Access warned that it must listen to the sector's needs

Experts say the new social investment body should not impose its ideas on charities. Sam Burne James reports

Access – The Foundation for Social Investment
Access – The Foundation for Social Investment

In March, the coalition played its final hand before the election of its attempt to grow the social investment market when Rob Wilson, the Minister for Civil Society, launched Access – The Foundation for Social Investment.

Described by Wilson as a "sister organisation to Big Society Capital", Access is itself a charity and has two strands. The first is running capacity-building programmes over the next 10 to 15 years that will help charities and social enterprises to become investment-ready and financially robust. The government has pledged £60m in funding for this from repayments of loans from the defunct Futurebuilders Fund.

The second strand is its Growth Fund, which will operate for seven years, funded by an initial £22.5m grant from the Big Lottery Fund and the same amount in loan finance from BSC. It will pay money to social finance intermediaries who in turn will give up to £150,000 in blended finance (of which no more than 50 per cent will be grant, the rest repayable loans) to individual charities and social enterprises.

John Kingston, chair of Access, who also founded the social investor CAF Venturesome, says the charity has been set up for a segment of the market not served by BSC: smaller and early-stage organisations. "This particular segment of the market is outwith the founding principles of Big Society Capital, which has a very big mandate, and I think to expand it possibly wouldn't have been a great idea," he says.

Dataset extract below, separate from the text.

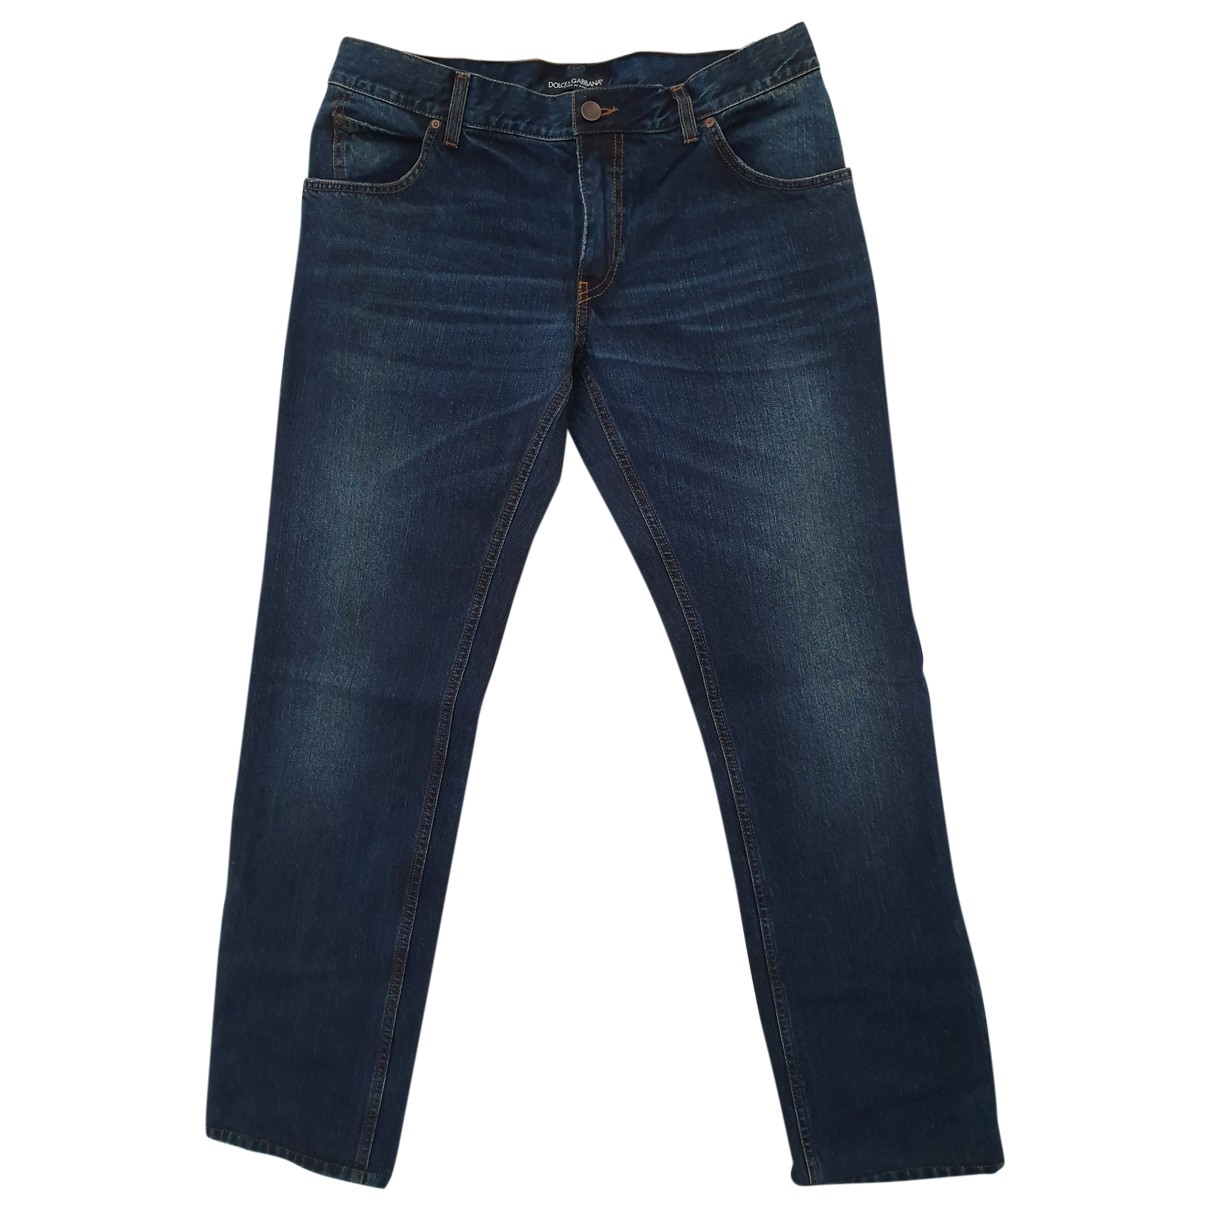 Dolce & Gabbana \N Navy Cotton Jeans for Men 46 FR

With many organisations floating around the social investment space, Kingston says, Access needs to be clear about its mission. "One of our communication objectives is to provide absolute clarity about our role compared with other organisations, not just BSC," he says.

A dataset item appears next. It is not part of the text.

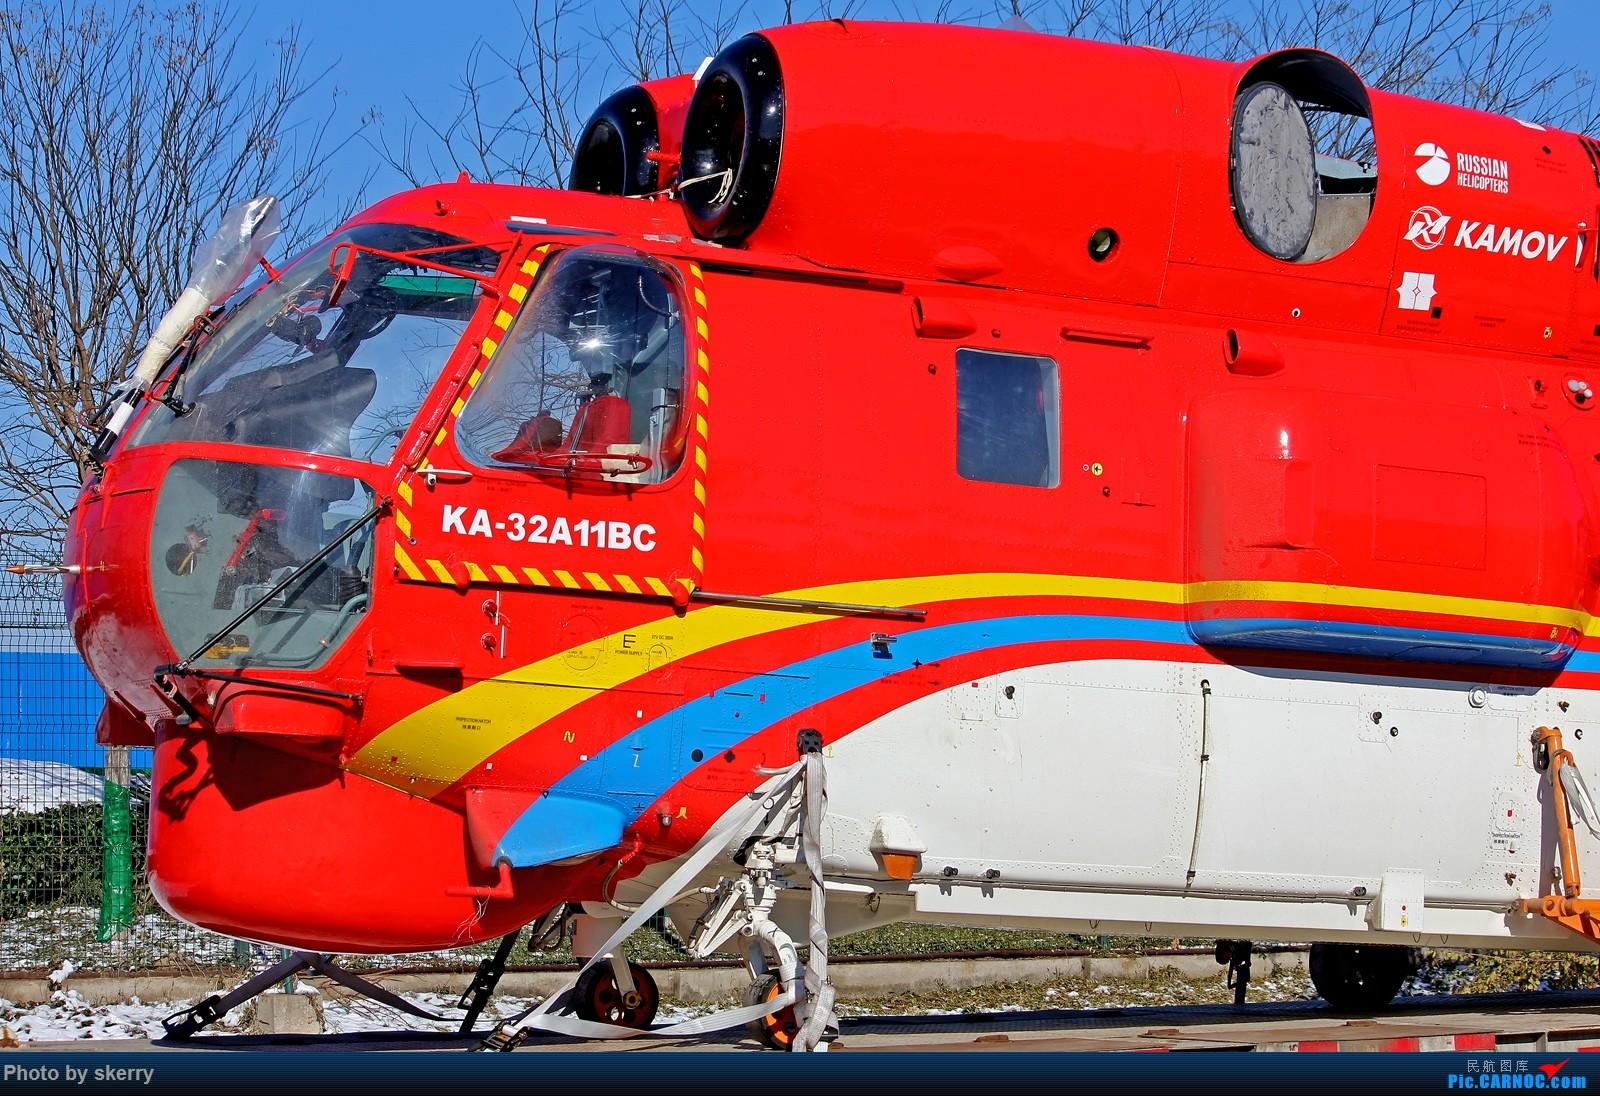 ***【TSN飞友会】双11海淘的终于到货了-KA-32A11BC**** KA-32  天津滨海国际机场

Access hopes to achieve a lot over its lifetime, he adds: slowly but surely, social investment can grow, just as ethical investment has in recent decades.

Whether the market grows as much as Wilson and his predecessors have hoped remains to be seen. The week after Access was launched, the independent Alternative Commission on Social Investment published a constructively critical analysis of the government's social investment record. Among its recommendations was an appeal to politicians to stop hyping up the market and the suggestion that government should focus on the sector's needs, rather than prioritising the growth of the market per se. David Floyd, a consultant who led the commission, welcomes Access, saying it has a strong team and should be well placed to meet needs that are not currently being met by the social investment market.

But Floyd says Access faces two potential dangers: the first that BLF money is used to "prop up existing investment models that don't work, rather than supporting new, innovative social approaches to investing"; the second that its capacity-building will push charities towards social investment, rather than focusing on building their capacity in the way most relevant to individual organisations.

Andrew O'Brien, head of policy and public affairs at the Charity Finance Group, says he welcomes both Access and the alternative commission as a chance "to restart the social investment conversation". The word conversation is key - O'Brien says Access must listen to the needs of the sector. "For social investment to succeed, it has to be something that the sector as a whole feels it owns, rather than something being promoted from the outside," he says.